Embodiment 9On the basis of Embodiment 8, according to the method for simultaneously modeling electricity generation data and conducting visual analysis, identifying the period transformation points in the line chart based on the difference set includes:
-
- deleting outliers in the difference set to obtain a standard difference set, and taking the hypothetical period initial point with a smallest abscissa value in the standard difference set as a final period initial point;
- determining a third abscissa difference between each data point after the period data point corresponding to the final period initial point and the period data point corresponding to the final period initial point in the line chart, and taking the data point corresponding to the third abscissa difference with a smallest difference from the abscissa difference corresponding to the interval period as a new period data point;
- continuing to determine new period data points based on the newly obtained period data points, and when all period data points in the line chart are determined, taking the final period initial point and all period data points as period transformation points in the line chart.
In this embodiment, the standard difference set is the set obtained by summarizing all the remaining differences after the outliers in the difference set are deleted.
In this embodiment, the final period initial point is the hypothetical period initial point with the smallest abscissa value in the standard difference set, and it is also the initial data point of the first complete period in the line chart.
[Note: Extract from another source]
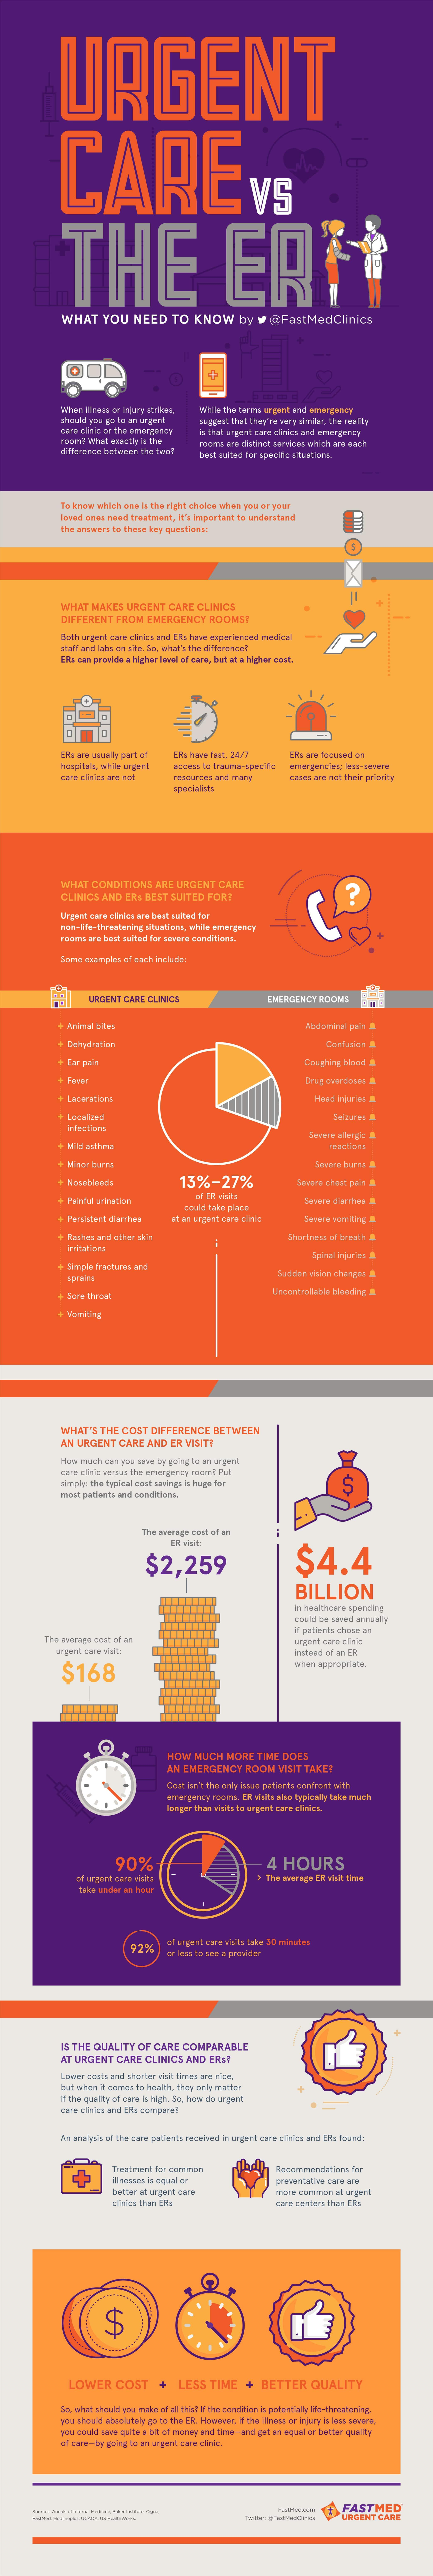 Urgent Care vs ER Infographic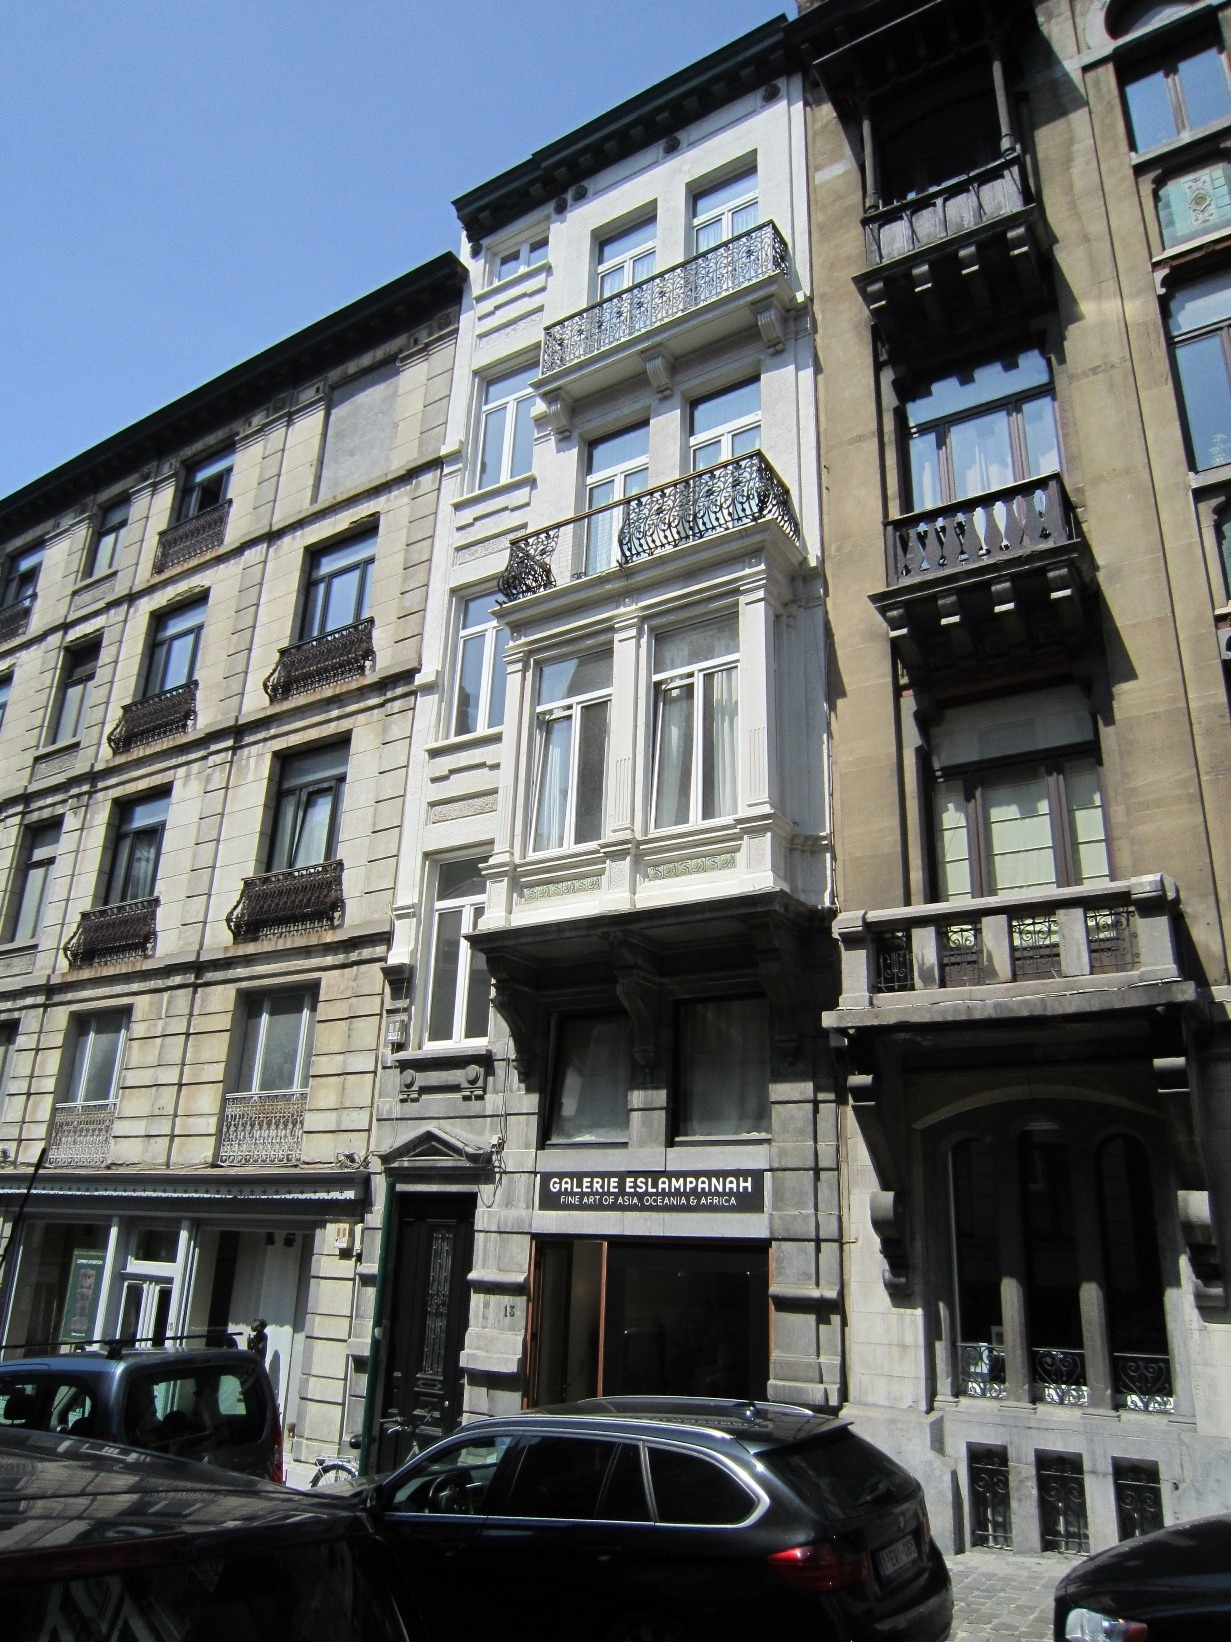 Rue Charles Hanssens 13, 2015

In this embodiment, the third abscissa difference is the abscissa difference between each data point after the period data point corresponding to the final period initial point determined in the line chart and the period data point corresponding to the final period initial point.
The technology has the following beneficial effect: taking the hypothetical period initial point with the smallest abscissa value in the standard difference set obtained by deleting outliers in the difference set as the final period initial point, determining all corresponding period data points in the line chart based on the final period initial point and its period data points, and taking the final period initial point and all period data points as the period transformation points in the line chart, thus further ensuring the accuracy of the determined period transformation points.
Embodiment 10On the basis of Embodiment 3, according to the method for simultaneously modeling electricity generation data and conducting visual analysis, S203: evaluating the periodic distribution characteristic prediction model based on the test electricity generation data set to obtain a model evaluation value includes:
-
- inputting the test electricity generation data set into the periodic distribution characteristic prediction model to obtain a model prediction value corresponding to each value in the test electricity generation data set;
- fitting a model prediction line chart corresponding to each group of electricity generation data based on all model prediction values corresponding to each group of electricity generation data in the test electricity generation data set;
- determining a test electricity generation data line chart of each group of electricity generation data in the test electricity generation data set;
- calculating a coincidence degree of the model prediction line chart corresponding to each group of electricity generation data and the test electricity generation data line chart, and calculating the model evaluation value based on all the coincidence degrees.
In this embodiment, the test electricity generation data set is input into the periodic distribution characteristic prediction model to obtain a model prediction value corresponding to each value in the test electricity generation data set, which is as follows.
The specific numerical value of tT is determined based on the period ordinal number corresponding to each group of electricity generation data in the test electricity generation data set (that is, the numerical value characterizing which period the next cycle is) and the time corresponding to each numerical value in each group of electricity generation data. After the specific numerical value of tT is substituted into the function Q(tT) corresponding to the periodic distribution characteristic prediction model, the corresponding model prediction value of their numerical value in the corresponding group of electricity generation data in the test electricity generation data set, that is, the numerical value of Q(tT), is obtained.
In this embodiment, the model prediction value is the prediction value of the corresponding numerical value in the test electricity generation data set predicted after the test electricity generation data set is input into the periodic distribution characteristic prediction model.
In this embodiment, the model prediction line chart is a line chart fitted by all the model prediction values corresponding to each group of electricity generation data in the test electricity generation data set.
In this embodiment, the test electricity generation data line chart is a line chart fitted based on the numerical values in each group of electricity generation data in the test electricity generation data set.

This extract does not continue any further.